ADC: resumo para a SEFAZ GO
Olá, pessoal, tudo bem? Neste resumo para o concurso da SEFAZ GO nós estudaremos os principais tópicos relacionados à Ação Declaratória de Constitucionalidade (ADC).

Bons estudos!
Introdução
Conforme a doutrina, o controle de constitucionalidade exige, como pré-requisito, a existência de mecanismos de fiscalização das leis com ao menos um órgão responsável para isso.
No Brasil, todos os órgãos e juízes do Poder Judiciário são legitimados, guardadas algumas especificidades, para realizar o controle de constitucionalidade.
Nesse sentido, o controle difuso, realizado na via incidental, ocorre quando a inconstitucionalidade não representa o objeto principal da ação, podendo integrar, por outro lado, as causas de pedir.
No Brasil, cabe a qualquer órgão do Poder Judiciário dotado de capacidade jurisdicional, bem como, a juízo singular de primeira instância, realizar o controle difuso de constitucionalidade.
Por outro lado, o controle concentrado ocorre na via principal, quando a inconstitucionalidade representa o cerne da ação.
Nesse sentido, cabe somente ao Supremo Tribunal Federal (STF) realizar o controle concentrado em face da Constituição Federal de 1988 (CF/88).
Apesar disso, vale lembrar que os Tribunais de Justiças dos Estados também realizam controle concentrado de constitucionalidade, porém, em face de suas respectivas Constituições Estaduais.
No Brasil, existem 4 (quatro) espécies de ações para controle concentrado de constitucionalidade, a saber:
- Ação Direta de Inconstitucionalidade (ADI);
- Ação Direta de Inconstitucionalidade por Omissão (ADO);
- Ação Declaratória de Constitucionalidade (ADC); e,
- Ação de Descumprimento de Preceitos Fundamentais (ADPF).
Neste artigo, trataremos especificamente sobre as características principais da ADC.
Resumo para a SEFAZ GO: ADC
Em resumo, a Ação Declaratória de Constitucionalidade (ADC), conforme o nome sugere, visa declarar a constitucionalidade da norma, resolvendo incertezas decorrentes de divergências interpretativas.
Resumo para a SEFAZ GO: objeto da ADC
Dentre os principais aspectos exigidos pelas bancas examinadoras de concursos públicos, merece destaque o objeto da ação.
Conforme a CF/88, cabe ADC somente em relação a leis ou atos normativos federais.
Portanto, vejam que, diferentemente da ADI, na ADC não se admite análise de constitucionalidade, pelo STF, de lei ou ato normativo estadual.
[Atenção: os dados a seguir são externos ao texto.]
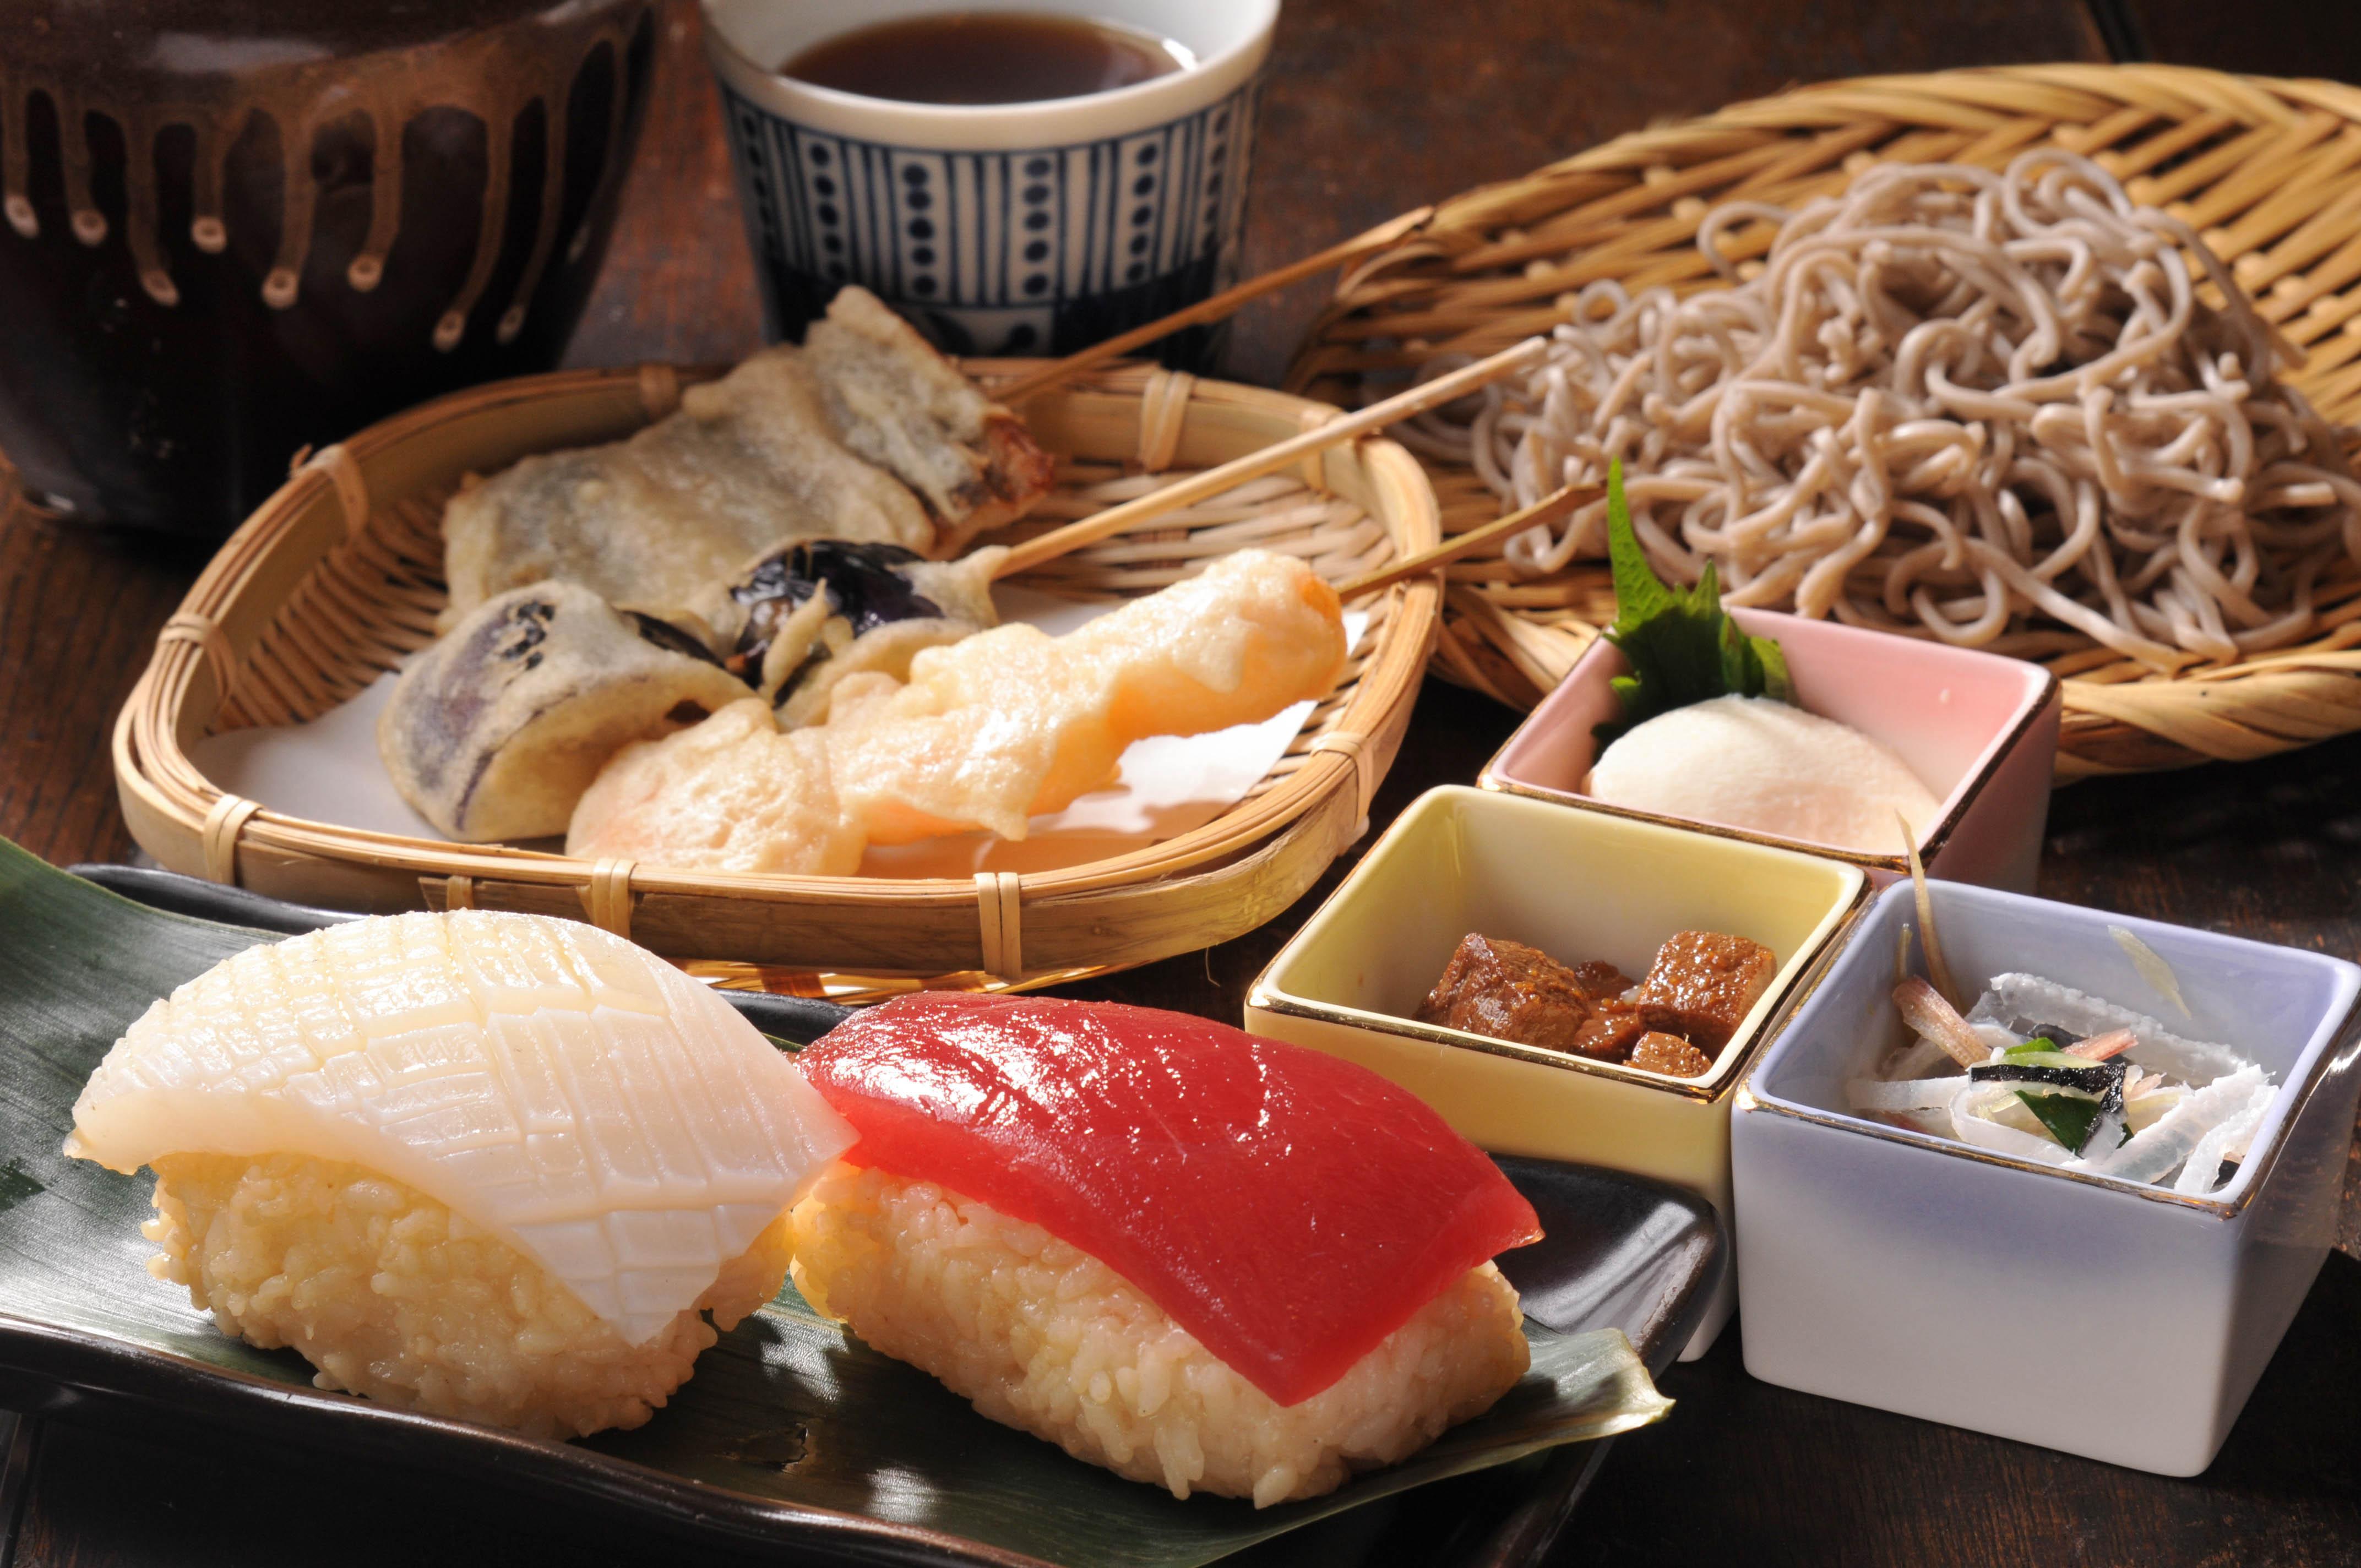 【PR】江戸っ子たちが舌鼓を打った、寿司・天ぷら・蕎麦の三大屋台料理を再現!

Pessoal, percebam que a ADC objetiva, em regra, uniformizar entendimentos. Dessa forma, faria pouco sentido uniformizar entendimentos, em todo o país, de legislações estaduais que regulamentam situações locais específicas, concordam?
Porém, a depender das peculiaridades do caso concreto, quando necessário declarar a constitucionalidade de lei ou ato normativo estadual, pode ser cabível a ADPF, tida como ação constitucional subsidiária.
Resumo para a SEFAZ GO: legitimados ativos da ADC
Continuando, também precisamos conhecer o rol de legitimados para ingressar com a ADC junto ao STF, os quais, ressalte-se, também possuem legitimidade para intentar a ADI, a saber:
- Presidente da República;
- Mesa Diretora da Câmara dos Deputados e do Senado Federal;
- Procurador-Geral da República (PGR);
- Governador de Estado e do Distrito Federal;
- Mesa Diretora de Assembleia Legislativa e da Câmara Legislativa do DF;
- Conselho Federal da Ordem dos Advogados do Brasil (OAB);
- Confederação sindical e entidades de classe de âmbito nacional;
- Partido político com representação no Congresso Nacional.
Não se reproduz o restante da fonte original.